Он предпочел оставить свою свиту на дне ущелья. Незачем длинноязычным знать, о чем сегодня поведет разговор с мужланом-локайцем. Приказав придворным ждать его, эмир поскакал по склону к кочевью. Привычная картина предстала перед его глазами. Сновали взад-вперед с деревянными мисками раскосые, толстозадые жены Ибрагимбека, озоровали пунцовощекие, но с заросшими коростой и гноящимися глазенками мальчишки и девчонки, ржали отъевшиеся на подножном корму жеребцы, гоняясь за кобылами.
На своем вороном арабе, величественно откинувшись в золоченом седле, Сеид Алимхан наехал на белую кошму, где сидел нахохлившийся, скучный, невеселый, с совсем черным лицом Ибрагимбек.
Выждав немного, Сеид Алимхан провозгласил фатиху:
— Нет могущества и силы ни у кого, кроме всевышнего!
Ибрагимбек ответил на фатиху как полагается. Но многое сегодня эмиру не нравилось.
Не нравилось, что локаец не нашел нужным подняться с кошмы и подержать стремя. Царственному гостю подобает царственный почет. Однако Ибрагимбек что-то слишком вообразил о себе и встал, лишь когда эмир слез с коня без чьей-либо помощи. А ведь совсем чужие пуштуны и хезарейцы всегда под ручки снимают эмира с коня, когда он к ним даже случайно заезжает в селение.
В последнее время Ибрагимбек ведет себя непочтительно. И, видимо, не только государственные секреты вынудили сегодня Сеида Алимхана оставить своих приближенных в низине, подальше от локайского аула, но и уязвленное самолюбие. Нельзя позволить посторонним глазеть на то, как конокрад, поднявшийся на ступень могущества, нахально осаживает своего халифа и повелителя.

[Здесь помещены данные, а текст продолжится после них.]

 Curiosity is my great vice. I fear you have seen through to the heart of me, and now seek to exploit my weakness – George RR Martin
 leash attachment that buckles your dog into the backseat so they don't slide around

Журчала белопенная струя кумыса из кожаного турсука в фаянсовую чашку, журчала тихая беседа. Ненависть где-то под ложечкой ввинчивалась во внутренности вместе с кусками вареной баранины. Ненависть росла. И если бы не пятнадцать тысяч локайцев-всадников, которыми распоряжался Ибрагимбек, если бы не сэр Доббс со своим британским посольством в Кабуле, если бы не Индийский департамент и вся Британская империя за спиной старого конокрада, разве стал бы Сеид Алимхан унижаться, ездить сюда?
Темное, глянцевитое от горного загара лицо Ибрагимбека с подчеркивающими черноту скул белками глаз оставалось неприветливым, мрачным, даже когда эмир говорил самые приятные вещи.

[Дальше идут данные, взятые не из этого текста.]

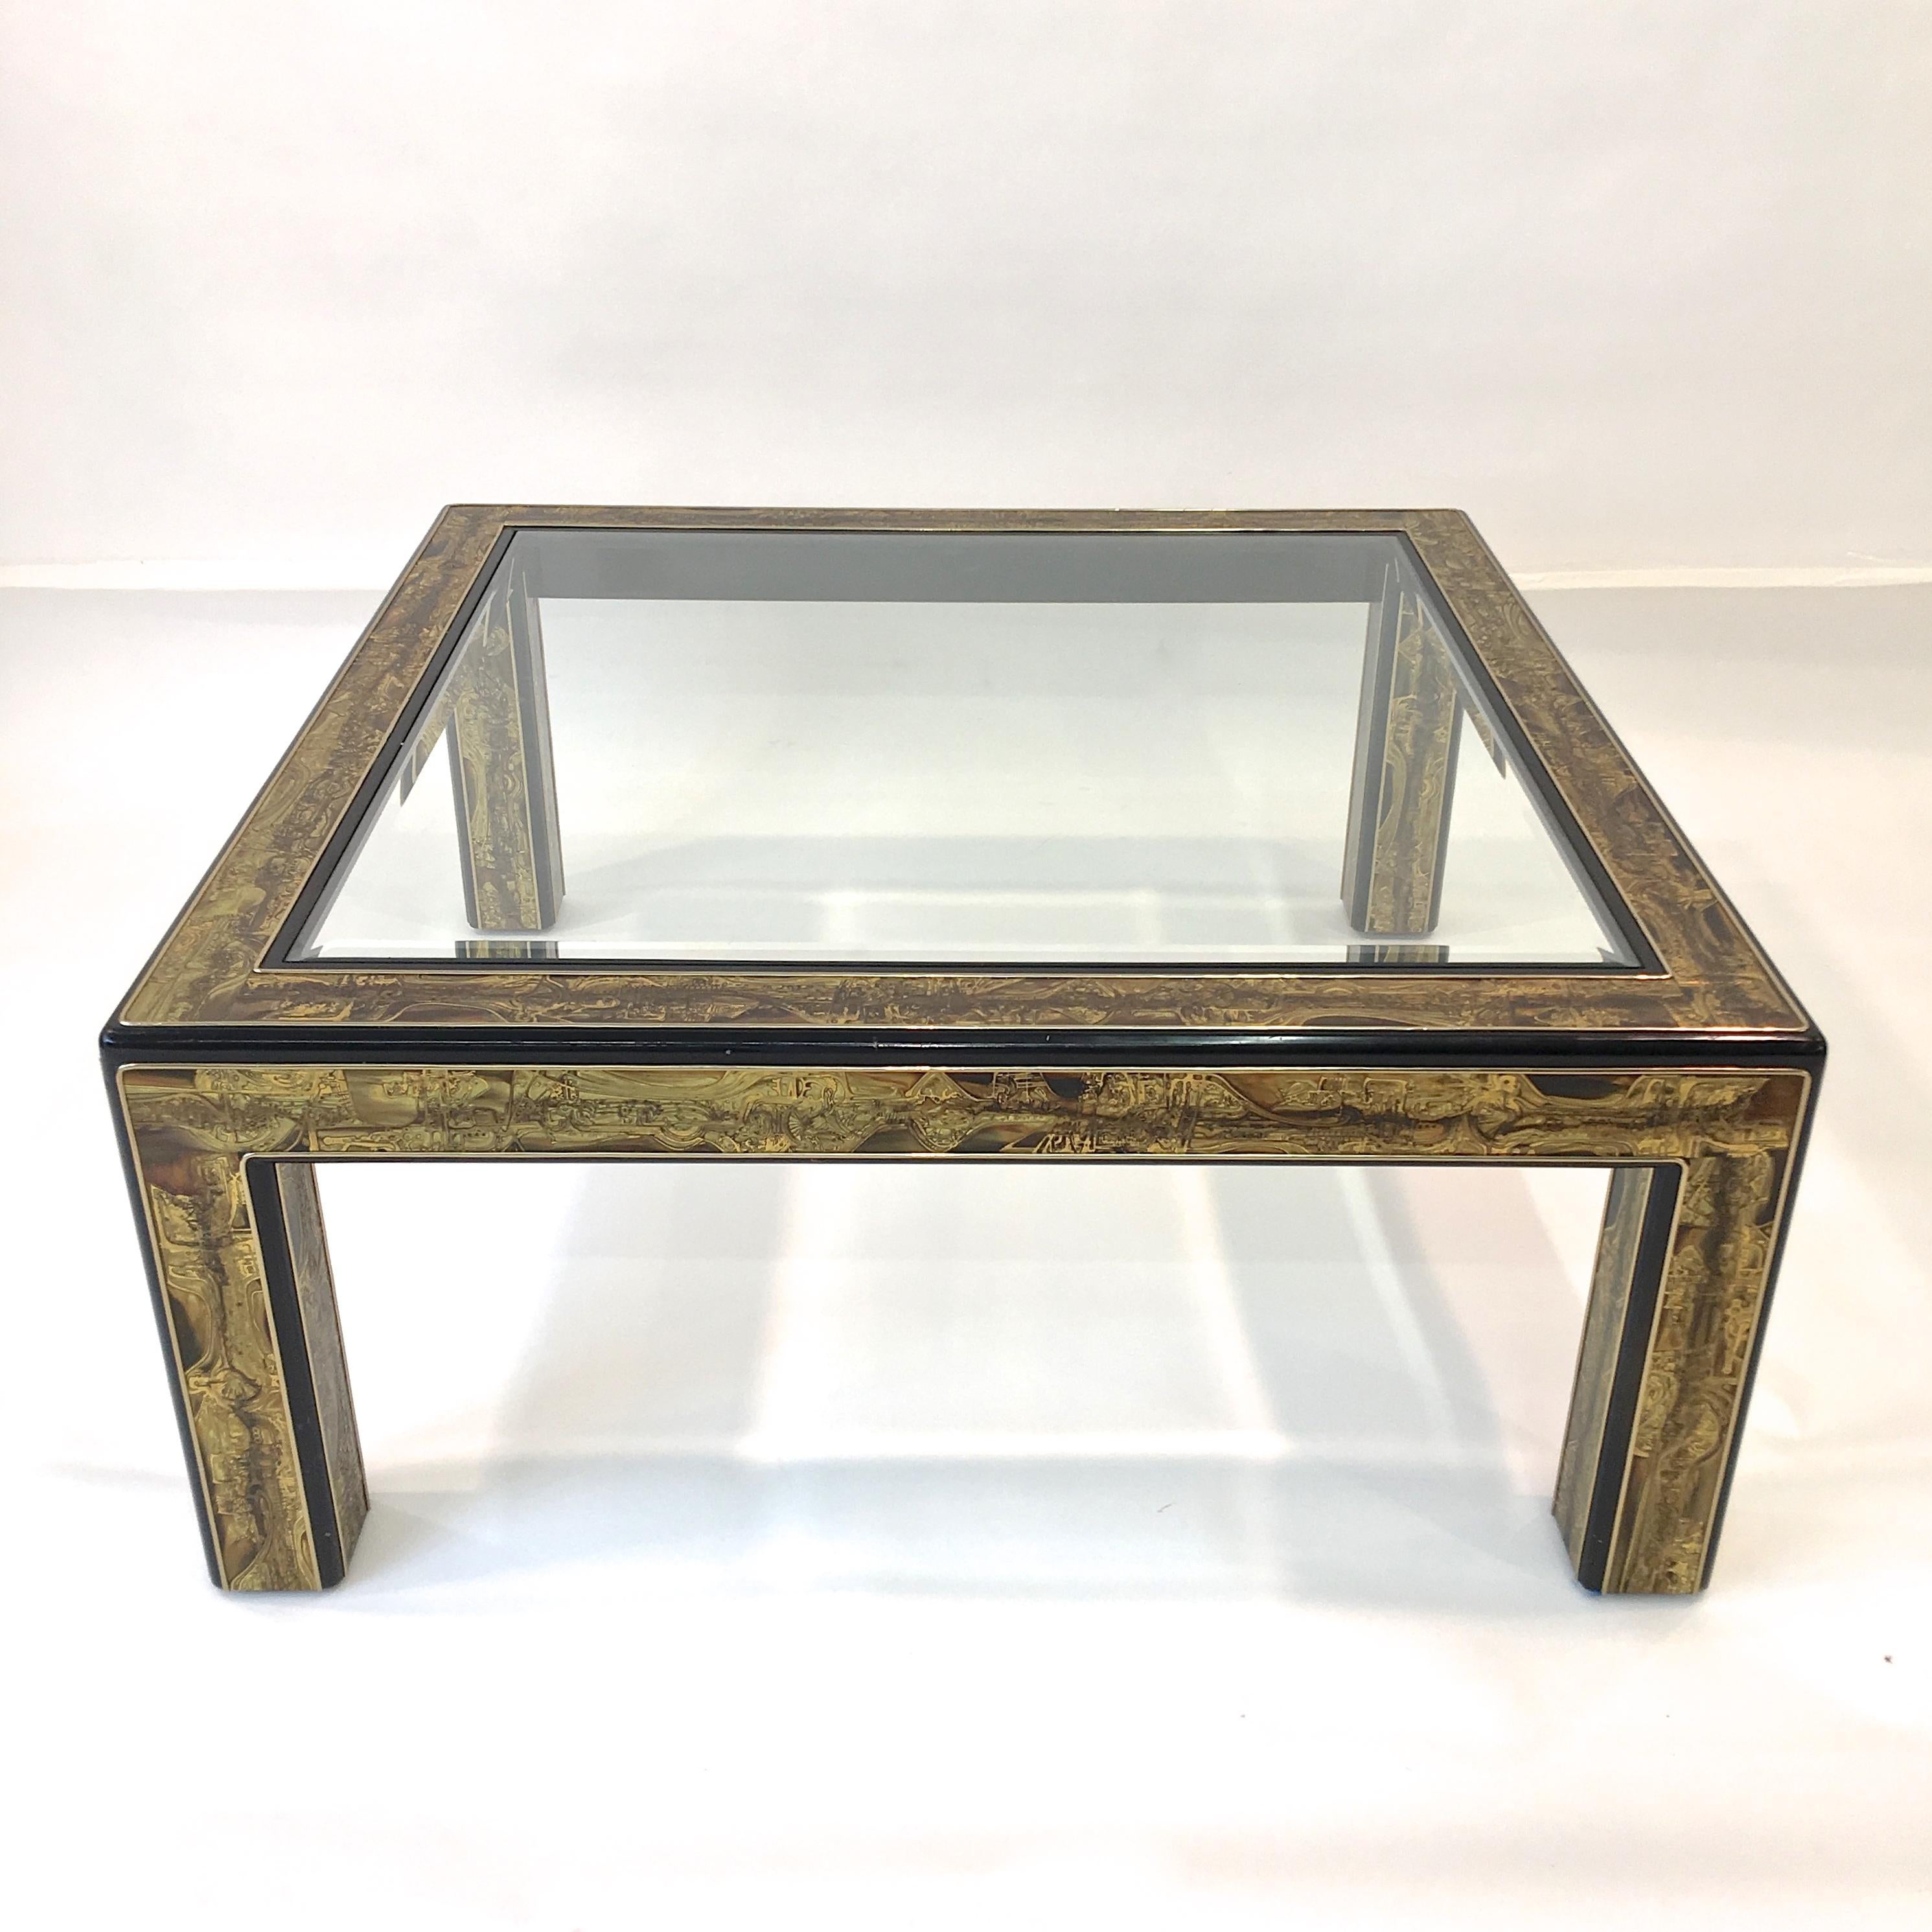 A square cocktail table created by metal sculptor Bernhard Rohne for Mastercraft circa 1970 in acid etched brass with ebonized wood and inset bevelled glass top.

See dining table version in late 1970s issue of H&G magazine: image # 20.

From

Эмир догадывался о настроениях Ибрагимбека. Но если бы он проиик в самую глубь его мыслей, впал бы в ярость.
А локаец думал: «И все ты врешь. Врешь ты, царь без царства, эмир без эмирата, халиф без правоверных. Ложь течет со слюнями у тебя по усам и бороде. Морочишь ты мне голову, захлестнул петлями силков. Трава на пастбищах опять желтеет, а я все сижу. Зазвал сюда, залив рот медом обещаний. Посулил невесть чего. Говоришь, что Англия объявляет войну Москве и скоро придет время возвращаться в Каттаган и Ханабад и оттуда двинуть наурусов. А где твоя война, эмир? Кони жиреют, а войны нет. Сейчас ты, сын проститутки, наглотаешься через край кумыса и кримешься хвастать, что Союз наций препоручил тебе в Туркестане все дела войны и мира, командующим назначил. Кто его знает, что за Союз наций и где он? Ты, эмир, горазд воевать с бабами в гареме. Удирал из Бухары тогда, подобрав полы халата. И десять дней из седла не вылезал, под себя оправлялся. Мы еще посмотрим, кто командующий».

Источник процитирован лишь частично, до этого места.